▸ ACTION ITEM:
Going through the material below, output exactly the lines from the one containing "υποψηφιότητά μου έχει" through the one containing "Covid 19 vaccine image", and no pictures.

▸ GIVEN ENTRIES:
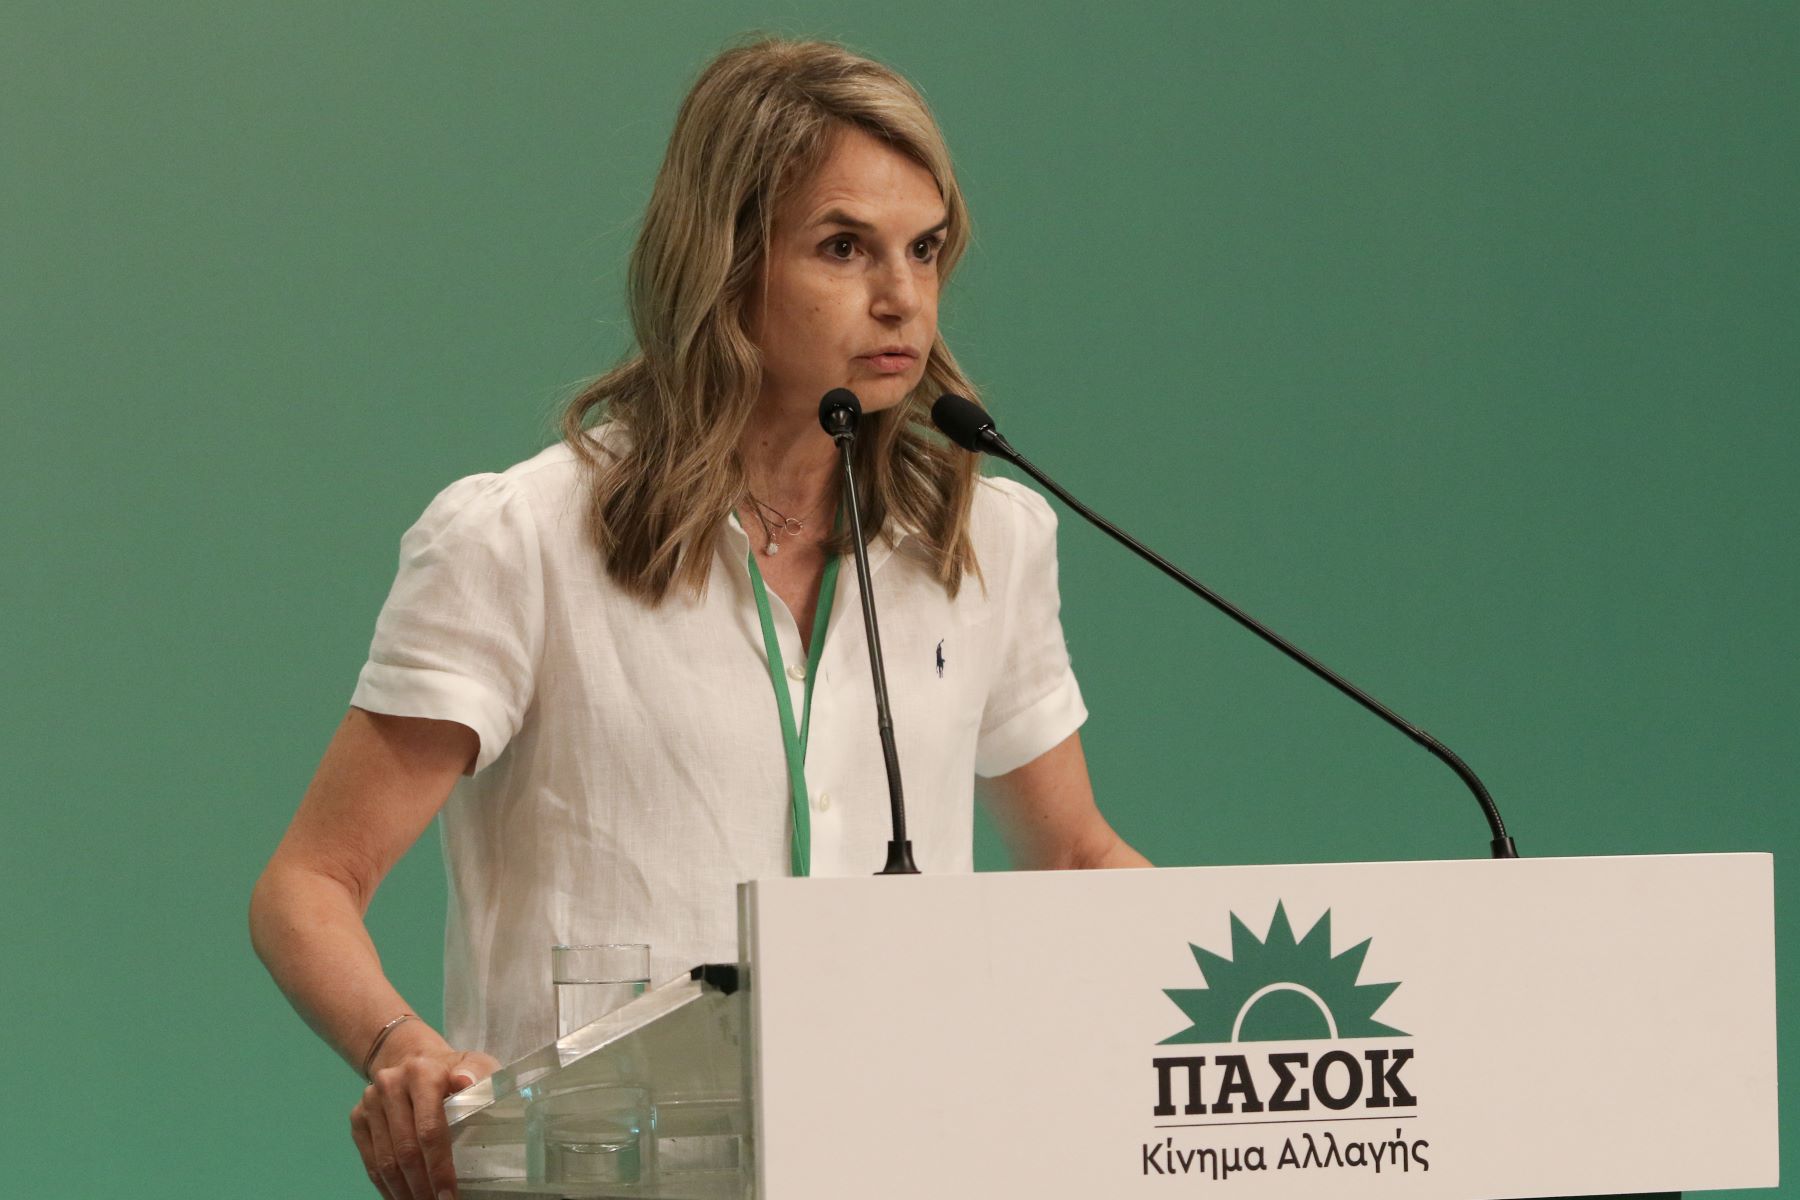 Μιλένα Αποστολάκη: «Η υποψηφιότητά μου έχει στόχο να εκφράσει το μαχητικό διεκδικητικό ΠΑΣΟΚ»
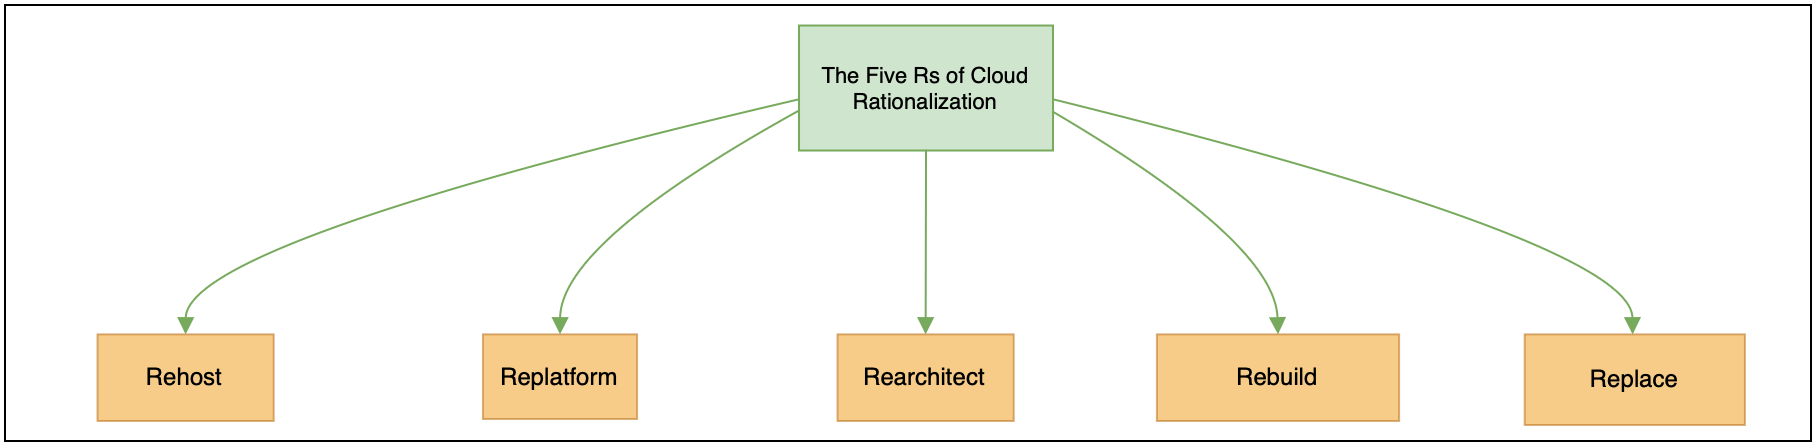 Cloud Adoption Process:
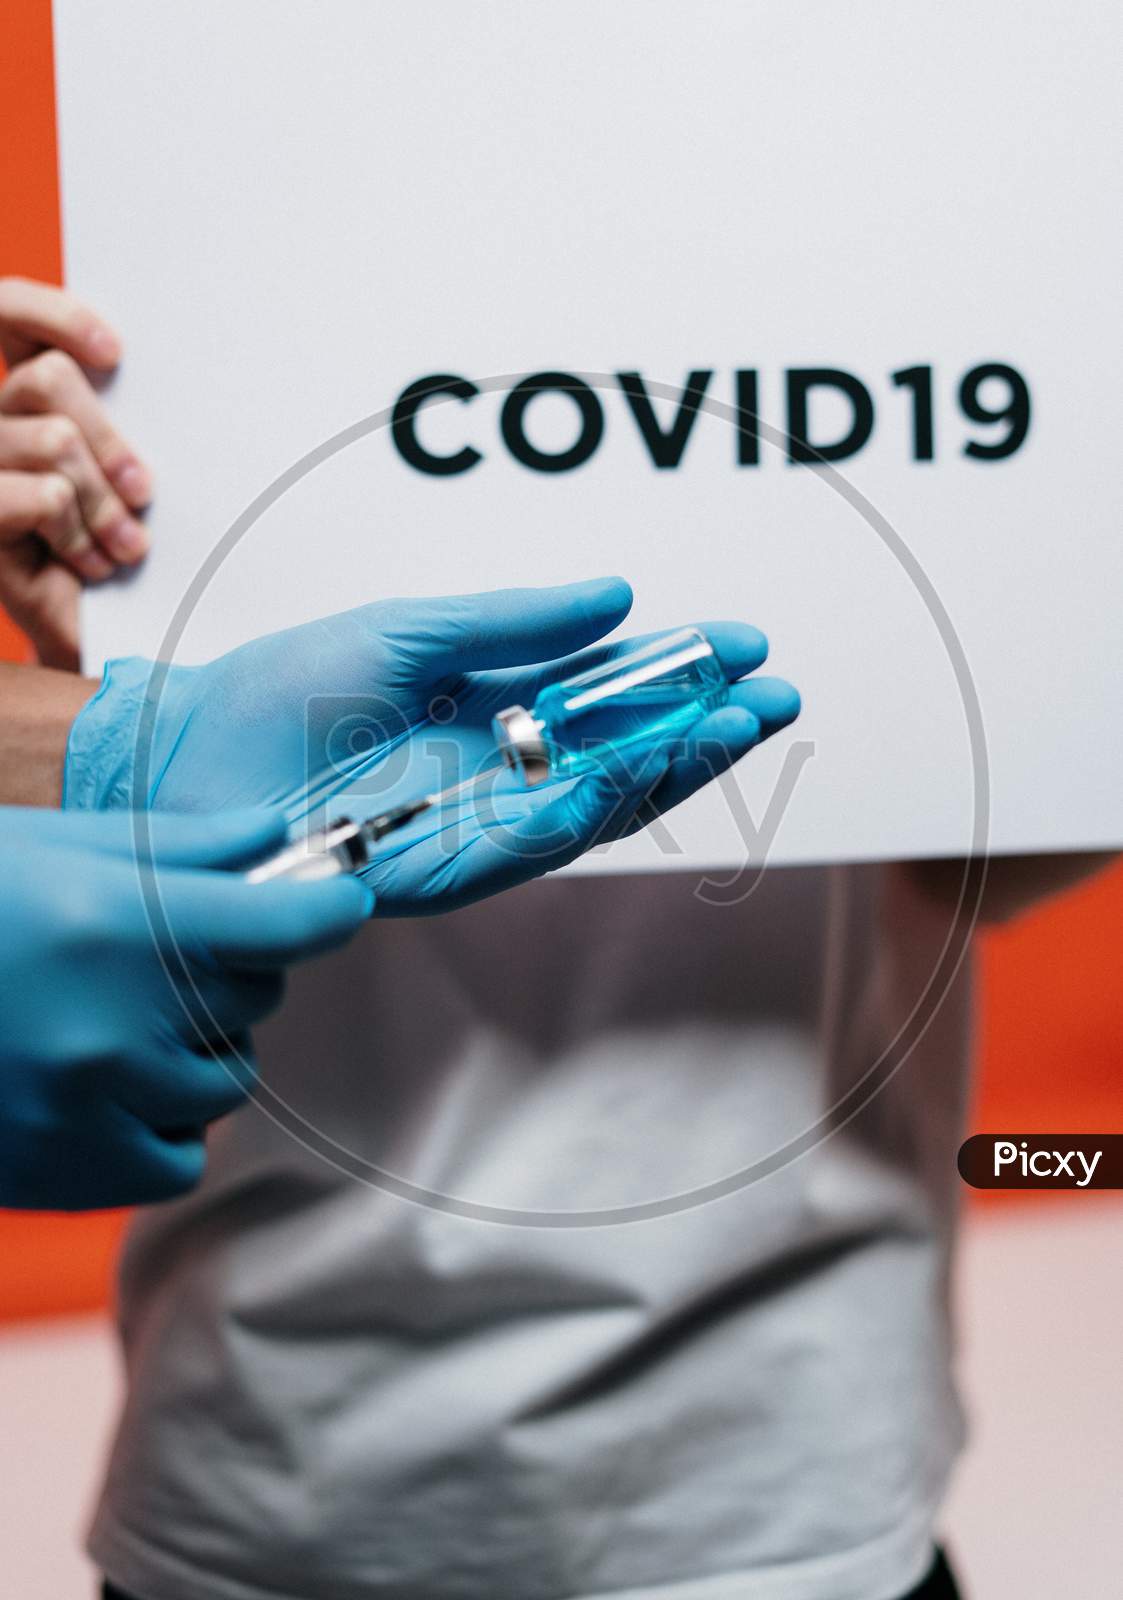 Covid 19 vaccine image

==

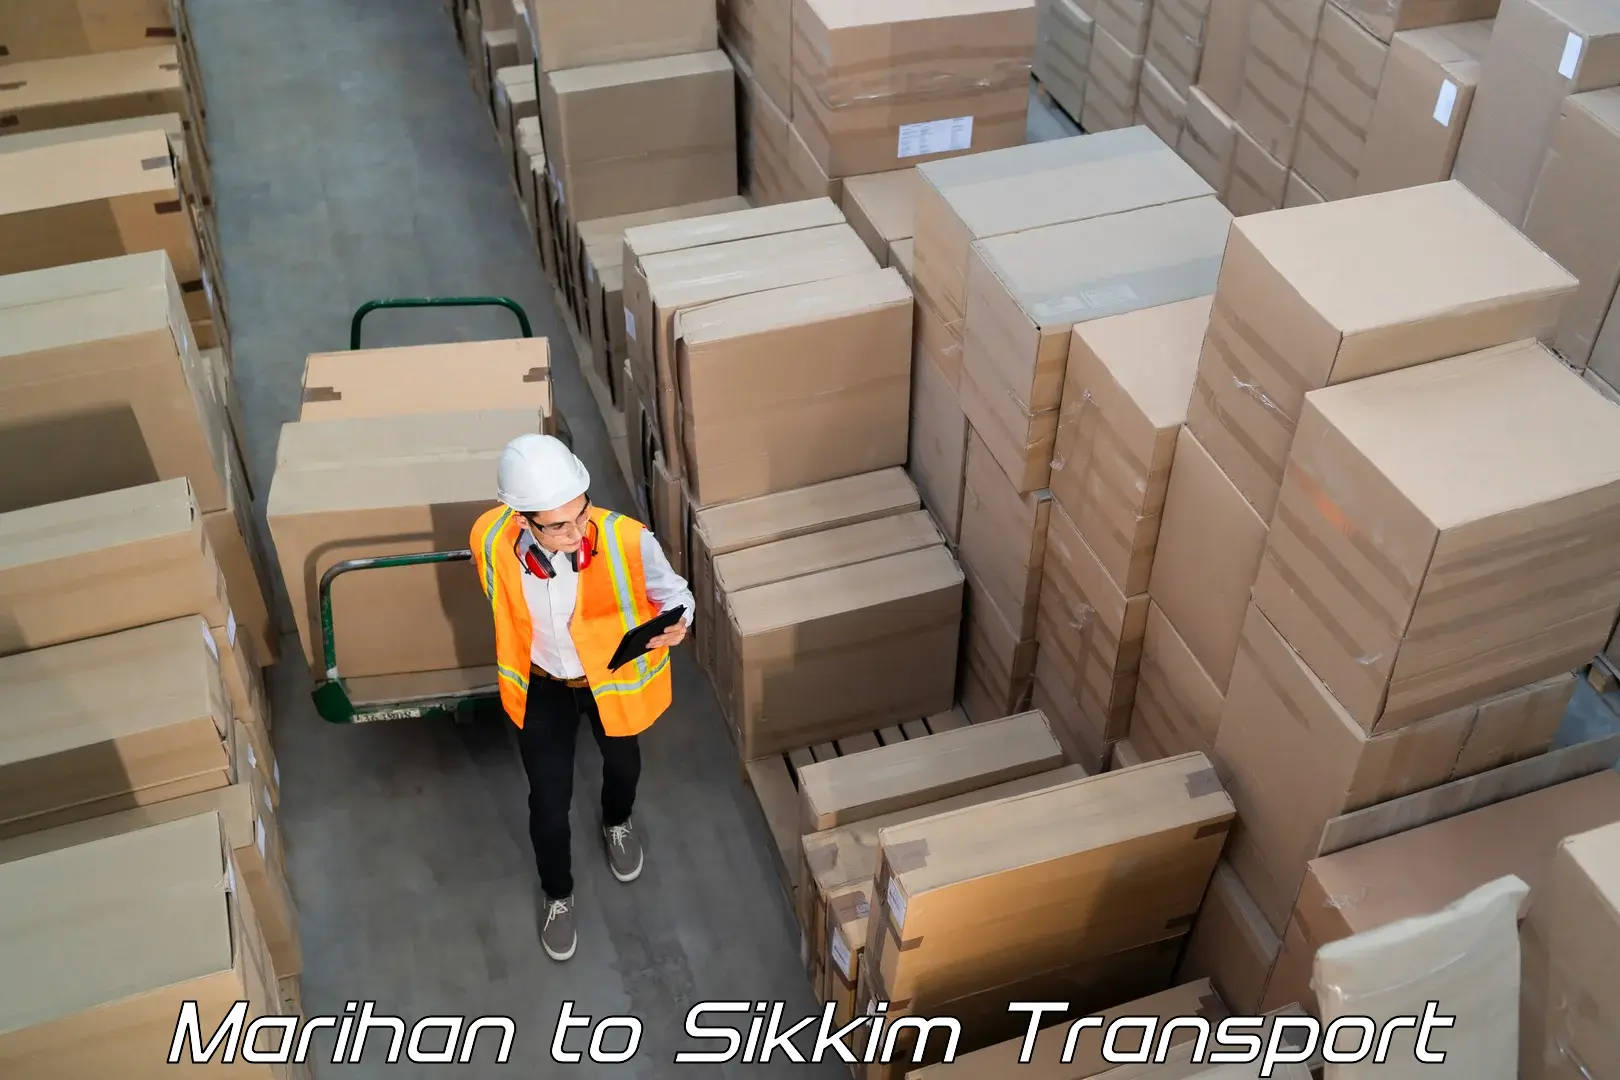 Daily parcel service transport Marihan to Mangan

...

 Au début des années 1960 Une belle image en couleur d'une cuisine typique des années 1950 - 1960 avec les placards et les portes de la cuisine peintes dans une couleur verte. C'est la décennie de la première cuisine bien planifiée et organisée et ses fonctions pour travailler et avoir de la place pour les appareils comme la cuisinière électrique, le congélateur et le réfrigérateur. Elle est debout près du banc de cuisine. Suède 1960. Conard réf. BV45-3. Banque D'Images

▸ TASK OUTPUT:
 Μιλένα Αποστολάκη: «Η υποψηφιότητά μου έχει στόχο να εκφράσει το μαχητικό διεκδικητικό ΠΑΣΟΚ»
 Cloud Adoption Process:
 Covid 19 vaccine image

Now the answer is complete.